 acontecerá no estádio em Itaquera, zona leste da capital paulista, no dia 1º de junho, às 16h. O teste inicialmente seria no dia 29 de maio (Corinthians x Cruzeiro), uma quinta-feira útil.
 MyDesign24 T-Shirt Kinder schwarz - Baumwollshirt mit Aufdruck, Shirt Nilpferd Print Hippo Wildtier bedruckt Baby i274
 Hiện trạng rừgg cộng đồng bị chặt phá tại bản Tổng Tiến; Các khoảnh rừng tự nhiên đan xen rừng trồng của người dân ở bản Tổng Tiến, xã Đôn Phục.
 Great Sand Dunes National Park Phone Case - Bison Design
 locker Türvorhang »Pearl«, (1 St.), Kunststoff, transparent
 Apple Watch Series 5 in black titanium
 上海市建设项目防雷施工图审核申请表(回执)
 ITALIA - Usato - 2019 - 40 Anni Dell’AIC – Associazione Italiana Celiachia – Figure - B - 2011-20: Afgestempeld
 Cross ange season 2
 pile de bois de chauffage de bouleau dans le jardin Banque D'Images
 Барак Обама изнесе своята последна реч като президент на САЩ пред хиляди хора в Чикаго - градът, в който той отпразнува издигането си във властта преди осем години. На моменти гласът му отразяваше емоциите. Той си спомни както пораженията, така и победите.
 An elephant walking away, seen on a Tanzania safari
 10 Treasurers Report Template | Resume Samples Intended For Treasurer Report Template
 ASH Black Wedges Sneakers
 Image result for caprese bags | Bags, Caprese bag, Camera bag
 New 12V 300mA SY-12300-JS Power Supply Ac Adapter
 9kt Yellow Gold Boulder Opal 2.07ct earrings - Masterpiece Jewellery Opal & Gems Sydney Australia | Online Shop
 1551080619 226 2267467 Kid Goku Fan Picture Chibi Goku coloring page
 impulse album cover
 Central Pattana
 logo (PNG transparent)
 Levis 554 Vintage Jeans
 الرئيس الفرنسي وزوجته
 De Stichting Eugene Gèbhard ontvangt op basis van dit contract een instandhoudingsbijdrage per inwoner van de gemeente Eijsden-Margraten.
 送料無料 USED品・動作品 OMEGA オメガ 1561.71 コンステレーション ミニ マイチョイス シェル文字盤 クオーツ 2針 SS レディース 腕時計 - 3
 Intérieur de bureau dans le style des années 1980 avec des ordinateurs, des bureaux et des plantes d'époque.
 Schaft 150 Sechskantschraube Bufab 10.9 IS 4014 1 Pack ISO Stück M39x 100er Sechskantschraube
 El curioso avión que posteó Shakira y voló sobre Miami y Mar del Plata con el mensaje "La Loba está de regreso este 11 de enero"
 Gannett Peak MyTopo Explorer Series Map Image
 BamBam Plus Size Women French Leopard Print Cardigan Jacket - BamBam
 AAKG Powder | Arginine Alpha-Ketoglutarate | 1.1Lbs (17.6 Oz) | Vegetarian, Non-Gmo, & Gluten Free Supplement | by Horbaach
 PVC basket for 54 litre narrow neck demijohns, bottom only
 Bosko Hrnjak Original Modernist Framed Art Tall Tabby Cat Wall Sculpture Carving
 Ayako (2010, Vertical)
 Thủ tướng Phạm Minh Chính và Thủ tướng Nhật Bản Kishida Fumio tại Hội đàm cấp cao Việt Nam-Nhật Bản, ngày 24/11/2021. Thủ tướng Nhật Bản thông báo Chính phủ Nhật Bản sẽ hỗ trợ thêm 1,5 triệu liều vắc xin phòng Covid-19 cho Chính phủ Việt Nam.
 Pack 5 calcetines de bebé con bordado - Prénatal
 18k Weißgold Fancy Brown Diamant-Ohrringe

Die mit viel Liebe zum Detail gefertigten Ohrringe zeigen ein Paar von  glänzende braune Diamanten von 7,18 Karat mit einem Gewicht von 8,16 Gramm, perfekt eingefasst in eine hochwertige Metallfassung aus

----------

**EXERCISE BRIEF**
Nothing but the lines from the one holding "الرئيس الفرنسي وزوجته" to the end of the entries should be returned, each exactly as it stands.

**THE COMPLETED TASK**
 الرئيس الفرنسي وزوجته
 De Stichting Eugene Gèbhard ontvangt op basis van dit contract een instandhoudingsbijdrage per inwoner van de gemeente Eijsden-Margraten.
 送料無料 USED品・動作品 OMEGA オメガ 1561.71 コンステレーション ミニ マイチョイス シェル文字盤 クオーツ 2針 SS レディース 腕時計 - 3
 Intérieur de bureau dans le style des années 1980 avec des ordinateurs, des bureaux et des plantes d'époque.
 Schaft 150 Sechskantschraube Bufab 10.9 IS 4014 1 Pack ISO Stück M39x 100er Sechskantschraube
 El curioso avión que posteó Shakira y voló sobre Miami y Mar del Plata con el mensaje "La Loba está de regreso este 11 de enero"
 Gannett Peak MyTopo Explorer Series Map Image
 BamBam Plus Size Women French Leopard Print Cardigan Jacket - BamBam
 AAKG Powder | Arginine Alpha-Ketoglutarate | 1.1Lbs (17.6 Oz) | Vegetarian, Non-Gmo, & Gluten Free Supplement | by Horbaach
 PVC basket for 54 litre narrow neck demijohns, bottom only
 Bosko Hrnjak Original Modernist Framed Art Tall Tabby Cat Wall Sculpture Carving
 Ayako (2010, Vertical)
 Thủ tướng Phạm Minh Chính và Thủ tướng Nhật Bản Kishida Fumio tại Hội đàm cấp cao Việt Nam-Nhật Bản, ngày 24/11/2021. Thủ tướng Nhật Bản thông báo Chính phủ Nhật Bản sẽ hỗ trợ thêm 1,5 triệu liều vắc xin phòng Covid-19 cho Chính phủ Việt Nam.
 Pack 5 calcetines de bebé con bordado - Prénatal
 18k Weißgold Fancy Brown Diamant-Ohrringe

Die mit viel Liebe zum Detail gefertigten Ohrringe zeigen ein Paar von  glänzende braune Diamanten von 7,18 Karat mit einem Gewicht von 8,16 Gramm, perfekt eingefasst in eine hochwertige Metallfassung aus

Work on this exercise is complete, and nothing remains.